Stored data
= Beginning of Section =

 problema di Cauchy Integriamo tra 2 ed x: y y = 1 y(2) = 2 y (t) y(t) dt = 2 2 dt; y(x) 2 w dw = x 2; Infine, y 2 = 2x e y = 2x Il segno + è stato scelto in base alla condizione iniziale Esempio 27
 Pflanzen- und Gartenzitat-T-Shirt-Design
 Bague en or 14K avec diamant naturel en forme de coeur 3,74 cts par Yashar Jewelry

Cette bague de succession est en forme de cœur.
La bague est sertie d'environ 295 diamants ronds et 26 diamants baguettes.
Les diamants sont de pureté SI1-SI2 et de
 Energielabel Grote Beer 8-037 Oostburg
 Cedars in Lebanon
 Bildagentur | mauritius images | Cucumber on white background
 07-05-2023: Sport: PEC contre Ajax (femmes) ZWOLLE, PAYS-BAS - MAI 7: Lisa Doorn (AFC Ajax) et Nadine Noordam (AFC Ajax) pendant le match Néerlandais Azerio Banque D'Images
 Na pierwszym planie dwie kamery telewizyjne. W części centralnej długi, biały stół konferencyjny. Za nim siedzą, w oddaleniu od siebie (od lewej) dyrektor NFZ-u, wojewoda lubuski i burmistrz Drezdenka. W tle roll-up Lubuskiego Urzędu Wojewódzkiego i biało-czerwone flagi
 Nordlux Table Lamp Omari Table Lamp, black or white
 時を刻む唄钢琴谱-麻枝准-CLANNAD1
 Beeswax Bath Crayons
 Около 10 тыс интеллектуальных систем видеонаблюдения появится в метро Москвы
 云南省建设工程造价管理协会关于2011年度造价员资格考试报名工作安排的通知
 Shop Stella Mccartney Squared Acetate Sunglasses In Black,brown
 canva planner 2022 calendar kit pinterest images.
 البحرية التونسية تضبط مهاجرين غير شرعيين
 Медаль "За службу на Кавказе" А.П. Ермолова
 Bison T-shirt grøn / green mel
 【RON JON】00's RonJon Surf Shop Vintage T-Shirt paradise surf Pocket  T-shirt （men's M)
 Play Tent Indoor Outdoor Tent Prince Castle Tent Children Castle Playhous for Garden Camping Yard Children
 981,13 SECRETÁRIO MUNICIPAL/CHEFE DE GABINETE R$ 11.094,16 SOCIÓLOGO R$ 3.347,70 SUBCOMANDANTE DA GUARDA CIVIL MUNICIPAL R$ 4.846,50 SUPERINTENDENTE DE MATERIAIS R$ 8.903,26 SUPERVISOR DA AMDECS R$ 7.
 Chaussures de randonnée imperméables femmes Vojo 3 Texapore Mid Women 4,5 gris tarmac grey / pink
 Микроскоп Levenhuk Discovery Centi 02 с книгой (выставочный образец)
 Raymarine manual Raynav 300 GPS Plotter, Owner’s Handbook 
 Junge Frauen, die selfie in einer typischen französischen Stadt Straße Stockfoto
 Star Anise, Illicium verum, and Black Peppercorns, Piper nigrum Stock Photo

= End of Section =

> Task instructions
Here the goal is to repeat each entry exactly.

> Reply to the exercise
 problema di Cauchy Integriamo tra 2 ed x: y y = 1 y(2) = 2 y (t) y(t) dt = 2 2 dt; y(x) 2 w dw = x 2; Infine, y 2 = 2x e y = 2x Il segno + è stato scelto in base alla condizione iniziale Esempio 27
 Pflanzen- und Gartenzitat-T-Shirt-Design
 Bague en or 14K avec diamant naturel en forme de coeur 3,74 cts par Yashar Jewelry

Cette bague de succession est en forme de cœur.
La bague est sertie d'environ 295 diamants ronds et 26 diamants baguettes.
Les diamants sont de pureté SI1-SI2 et de
 Energielabel Grote Beer 8-037 Oostburg
 Cedars in Lebanon
 Bildagentur | mauritius images | Cucumber on white background
 07-05-2023: Sport: PEC contre Ajax (femmes) ZWOLLE, PAYS-BAS - MAI 7: Lisa Doorn (AFC Ajax) et Nadine Noordam (AFC Ajax) pendant le match Néerlandais Azerio Banque D'Images
 Na pierwszym planie dwie kamery telewizyjne. W części centralnej długi, biały stół konferencyjny. Za nim siedzą, w oddaleniu od siebie (od lewej) dyrektor NFZ-u, wojewoda lubuski i burmistrz Drezdenka. W tle roll-up Lubuskiego Urzędu Wojewódzkiego i biało-czerwone flagi
 Nordlux Table Lamp Omari Table Lamp, black or white
 時を刻む唄钢琴谱-麻枝准-CLANNAD1
 Beeswax Bath Crayons
 Около 10 тыс интеллектуальных систем видеонаблюдения появится в метро Москвы
 云南省建设工程造价管理协会关于2011年度造价员资格考试报名工作安排的通知
 Shop Stella Mccartney Squared Acetate Sunglasses In Black,brown
 canva planner 2022 calendar kit pinterest images.
 البحرية التونسية تضبط مهاجرين غير شرعيين
 Медаль "За службу на Кавказе" А.П. Ермолова
 Bison T-shirt grøn / green mel
 【RON JON】00's RonJon Surf Shop Vintage T-Shirt paradise surf Pocket  T-shirt （men's M)
 Play Tent Indoor Outdoor Tent Prince Castle Tent Children Castle Playhous for Garden Camping Yard Children
 981,13 SECRETÁRIO MUNICIPAL/CHEFE DE GABINETE R$ 11.094,16 SOCIÓLOGO R$ 3.347,70 SUBCOMANDANTE DA GUARDA CIVIL MUNICIPAL R$ 4.846,50 SUPERINTENDENTE DE MATERIAIS R$ 8.903,26 SUPERVISOR DA AMDECS R$ 7.
 Chaussures de randonnée imperméables femmes Vojo 3 Texapore Mid Women 4,5 gris tarmac grey / pink
 Микроскоп Levenhuk Discovery Centi 02 с книгой (выставочный образец)
 Raymarine manual Raynav 300 GPS Plotter, Owner’s Handbook 
 Junge Frauen, die selfie in einer typischen französischen Stadt Straße Stockfoto
 Star Anise, Illicium verum, and Black Peppercorns, Piper nigrum Stock Photo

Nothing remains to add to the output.